Download in the background, upgrade on the next run The FireFox approach, downloads happen it the background while you run the application. When they’re finished you’re casually prompted once and only once if you’d like to restart the app now to apply the upgrade. If you don’t, the next time you run FireFox you’re forced through the prompt-less update process. A huge improvement over constant nags and useless-prompts filled installers. Updating FireFox isn’t something I think about anymore, it just happens. I would call this the gold standard of current update practices. We know it works, and it works really well.

Download in the background, upgrade invisibly This is the Google Chrome model. When updates are available they’re automatically downloaded in the background. They’re upgraded, and as far as I can tell they’re applied invisibly as soon as the browser is restarted. I’ve never seen an update progress bar and I’ve never been asked if I wanted to upgrade. Their process is so seamless that I have to research and guess at most of the details. This has huge benefits for Continuous Deployment, as you’ll have large numbers of users on new versions very quickly. Unfortunately this also means users are surprised when UI elements change, and are often frustrated.

Download in the background, upgrade the running process Can you do better than Google Chrome? I think you can. Imagine if your client downloaded and installed updates automatically in the background, and then spawned a second client process. This process would have it’s state synced up with the running process and then at some point it would be swapped in. This swap would transfer over operating system resources (files and sockets, maybe even windows and other resources depending on operating system). Under this system you could realistically expect most of your users to be running your most recent version within minutes of releasing it; meeting or exceeding the deploy-feedback cycle of our website deploy process.I’m guessing Chrome is actually close to this model. A lot of the state is currently stored in a sqlite database making the sync-up part relatively easy. The top level window and other core resources are owned by a small pseudo-kernel. You could easily imagine a scenario where deploys of non-pseudo-kernel changes could instantly update while pseudo-kernel changes would happen on next update. For all I know Chrome is doing that today! This doesn’t address, and in fact exacerbates UI and functionality changing friction.

Success Metrics

Unlike a production environment, you don’t control any of the environmental variables. You’ll face broken hardware, out of memory conditions, foreign language operating systems, random dlls, other processes inserting their code into yours, drivers fighting for first-to-act in the event of crashes and other progressively more esoteric and unpredictable integration issues. Anyone who writes widely-run client software quickly models the user’s computer as an aggressively hostile environment. The examples I gave are all issues IMVU has had to understand and solve.

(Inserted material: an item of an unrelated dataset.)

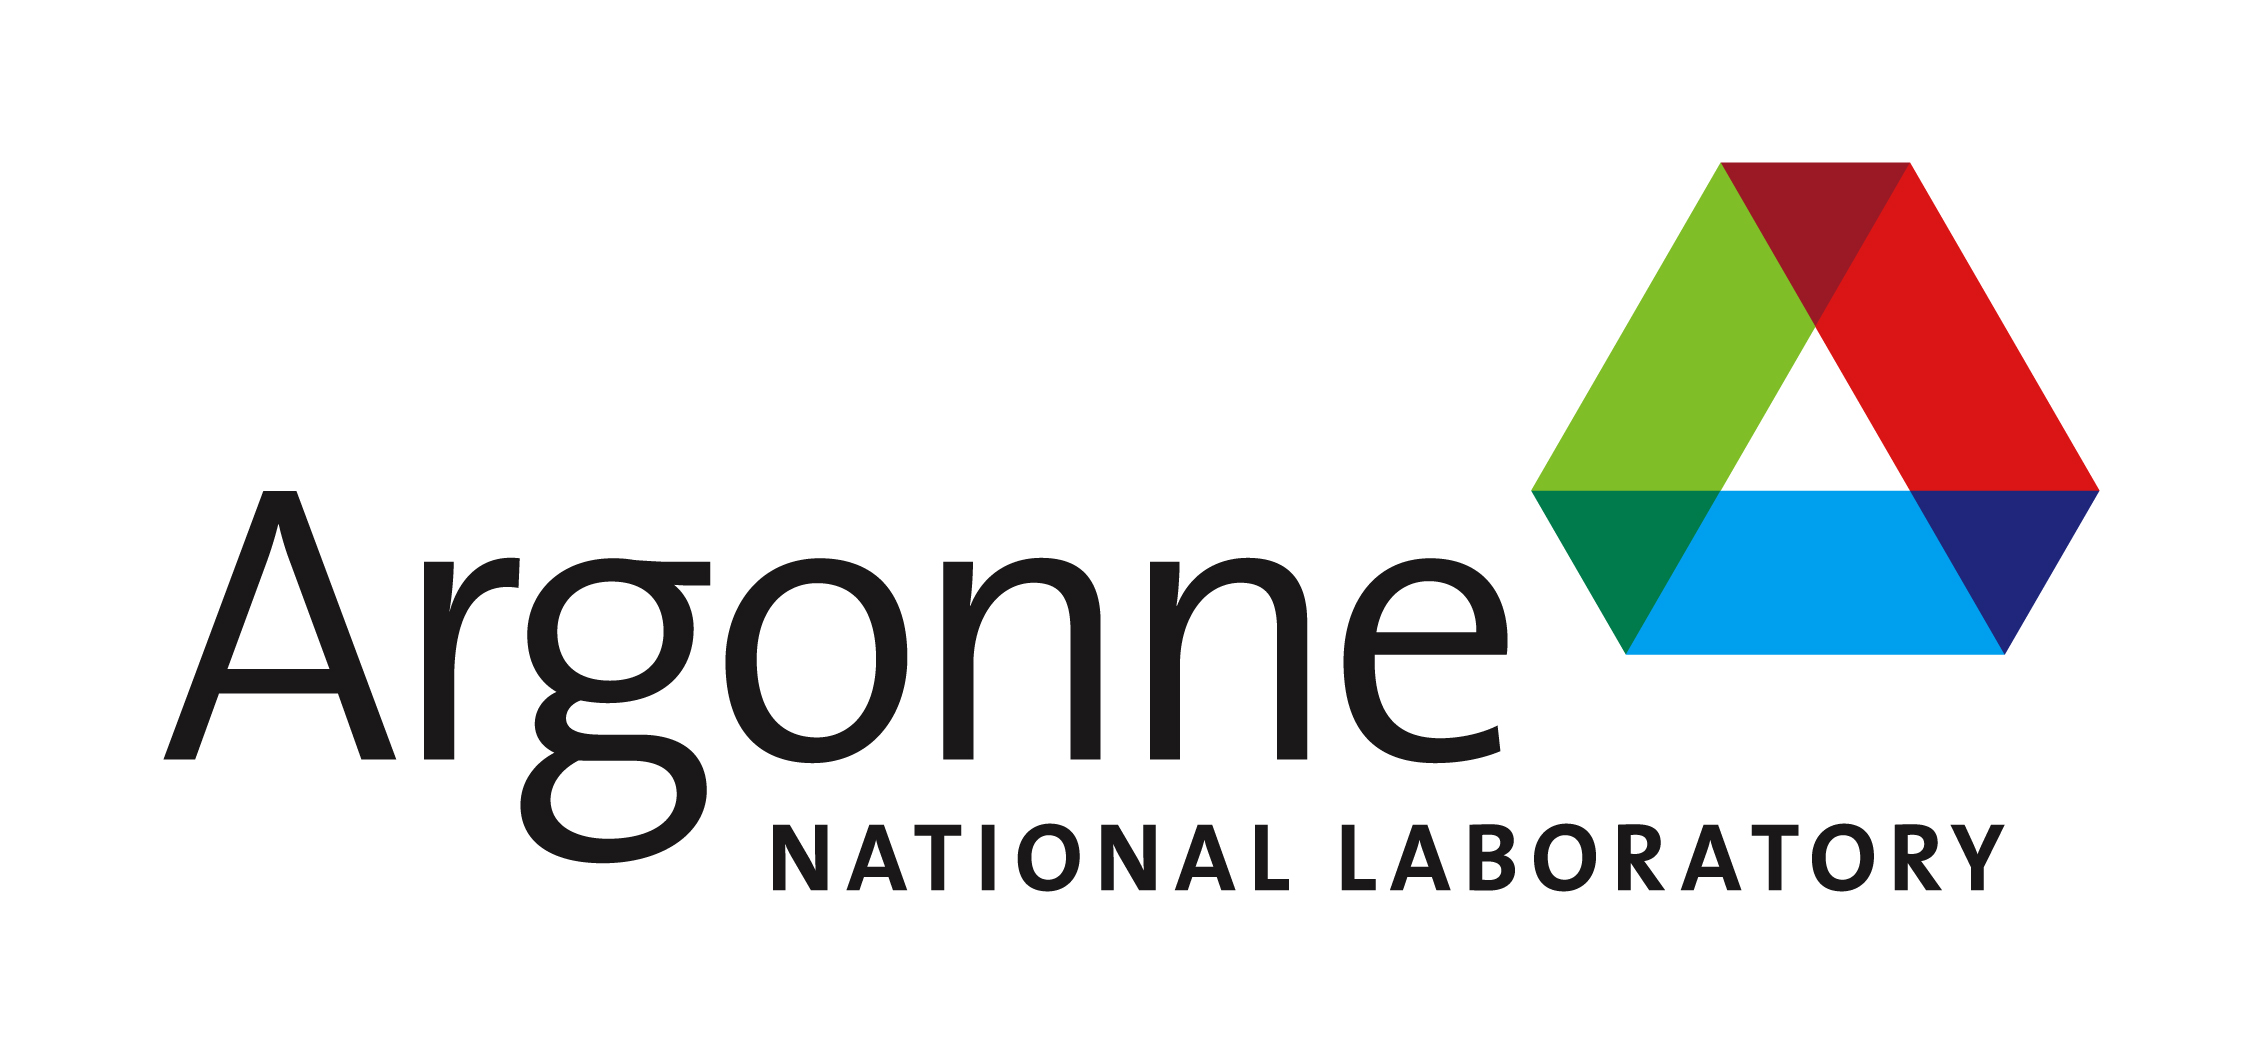 PROJEKTPROFIL: Argonne National Laboratory (2015) | Institutionen för energi

As with all hard problems, the first step is to create the proper feedback loop: you need to create a crash reporting framework. While IMVU rolled it’s own, since then Google has open sourced their own. Note that users are asked before crash reports are submitted, and we allow a user to view their own report. The goal is to get a high signal to noise chunk of information from the client’s crashed state. I’ve posted a sample crash report, though it was synthetically created by a crash-test. I hope no one notices my desktop is a 1.86ghz processor… Of note, we collect stacks that unwind through both C++ and Python through some reporting magic that Chad Austin, one of my prolific coworkers, wrote and is detailing in a series of posts. In addition to crash reporting, you’ll need extensive crash metrics and preferably user behaviour metrics. Every release should be A/B tested against the previous release, allowing you to prevent unknown regressions in business metrics. These metrics are a game changer, but those details will have to wait for another post.

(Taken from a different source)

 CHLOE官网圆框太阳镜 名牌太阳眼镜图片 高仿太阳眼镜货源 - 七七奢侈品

A screenshot of our aggregate bug report dataA screenshot of our aggregate bug report data

If your application requires a network connection you’ve been gifted the two best possible metrics: logins and pings. Login metrics let you notice crashes on startup or regressions in the adoption path. These are more common than you think when they can be caused or exacerbated by 3rd party software or windows updates. Ping metrics let you measure session length and look for when a client stopped pinging without giving a reason to the server. These metrics will tell you when your crash reporting is broken, or when you’ve regressed in a way that breaks the utility of the application without breaking the application itself. A common example of this are deadlocks, or more generically stalls. The application hasn’t crashed but for some reason isn’t progressing. Once you’ve found a regression case like that you can implement logic to look for the failure condition and alert on it, to fail fast in the event of future regressions. For deadlocks we wrote a watcher thread that polls the stack of the main thread, if it hasn’t changed for a few seconds then we report back with the state of all of the current threads. In aggregate that means graphs that trend closely with our user’s frustration.

Deadlocks or stalls, measured in millistalls (thanks nonsensical Cacti defaults)Deadlocks or stalls, measured in millistalls (thanks nonsensical Cacti defaults)

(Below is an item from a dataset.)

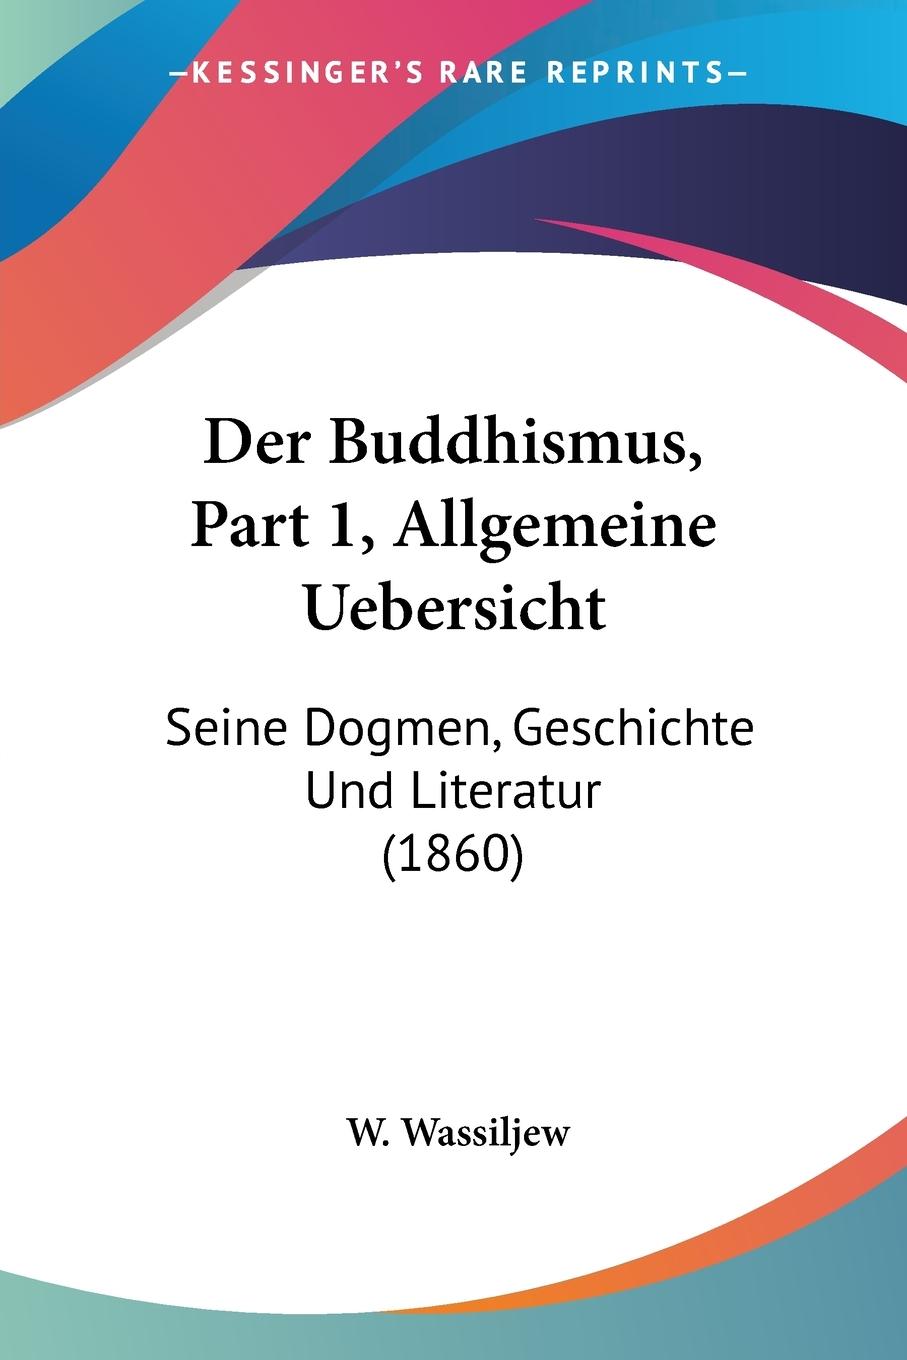 Der Buddhismus, Part 1, Allgemeine Uebersicht - Wassiljew, W.

Once you have great metrics, you have to strike a balance between asking customers to endure an update and gaining the feedback from your crash reporting and business metrics. For IMVU’s website deployment process we had a 2-phase roll out, similarly for Client development we have “release track” and “pre-release track”, where releases are version X.0 and pre-releases are subsequent dot releases. We ship a pre-release per day, and a full release every two weeks. Existing users are free opt-in and opt-out of the pre-release track. Newly registered users are sometimes given a pre-release as part of an A/B experiment against the prior full release, but are then offered the next full release and do not stay in the pre-release track. Google Chrome is another example of this model. By default you’re given the stable channel which is a quarterly update in addition to security updates. You can opt-in to the beta channel for monthly updates or the dev channel for weekly updates.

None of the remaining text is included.